O Formulino E foi criado com base no conceito que a Dallara desenvolveu há exatos dez anos, em 2007, para fornecer chassis para a ADAC F-Masters e a MRF Challenge, da Índia. O carro terá um motor que vai de 120 a 200 kw de potência e uma velocidade máxima de 120 km/h. Apesar da potência máxima ser a mesma da F-E, o peso do carro é bem diferente. Sem piloto, o peso do Formulino é de 545 kg, enquanto o carro da F-E tem um limite de 880 kg – piloto incluso. 

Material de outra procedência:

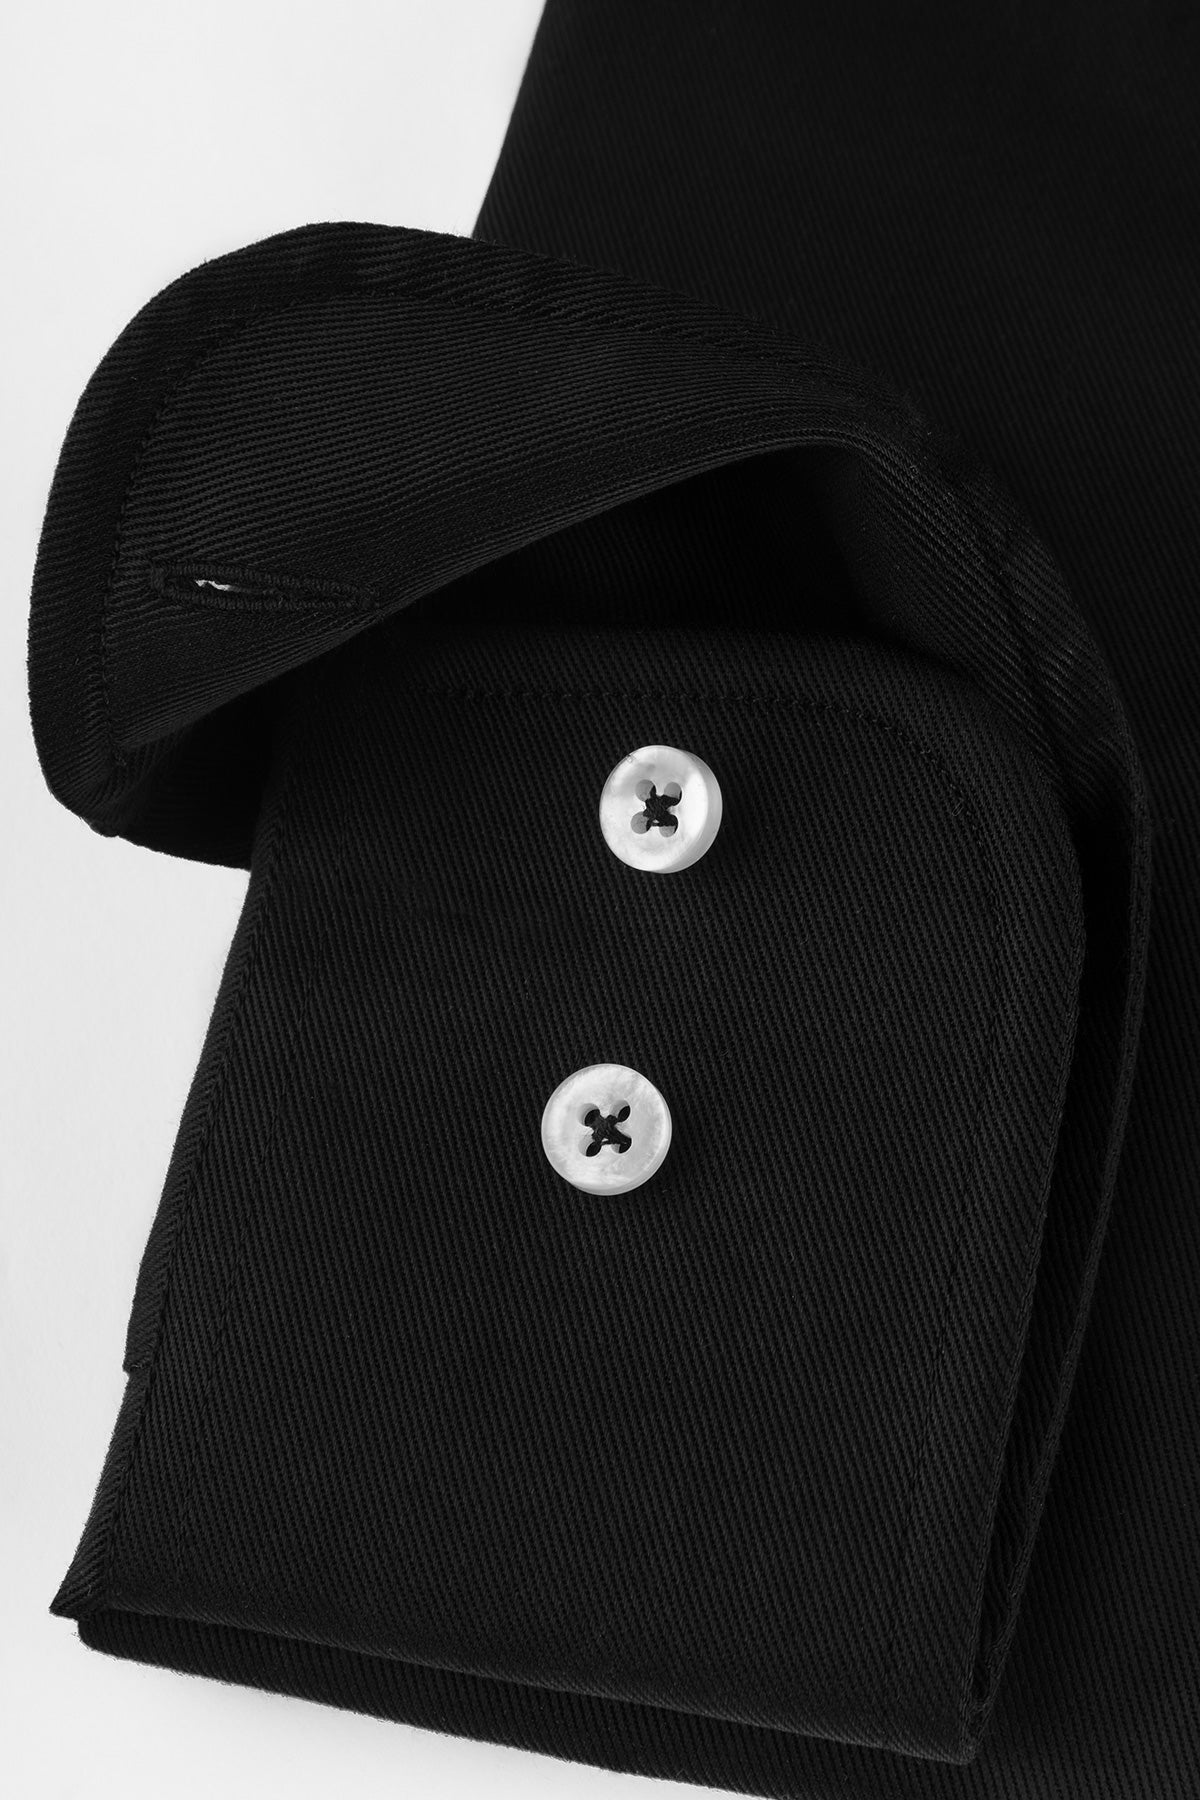 Black button down tencel slim fit shirt

Formulino E (Foto: Reprodução/Twitter)
As baterias têm apenas 15 kwh, o que dá o suficiente para 15 minutos de pista. "Sete ou oito voltas em Zolder", segundo Deflandre. Mas o dirigente acredita que após mais algumas mudanças no carro seja possível trocar baterias em menos de 1min. Desta forma, com trocas e recarga acelerada, a nova categoria pode dispensar as trocas de carro da F-E. 
 
"Nossa meta é aprontar 20 carros esse ano. Depois disso podemos aumentar a produção. Estamos em negociação para iniciar a primeira corrida já neste ano. Seria parte de nossa curva de aprendizado", falou o diretor ao site. 
 
De acordo com Deflandre o carro é produto de três anos e meio de trabalho. A estimativa é que cada modelo custe cerca de R$ 2,7 milhões.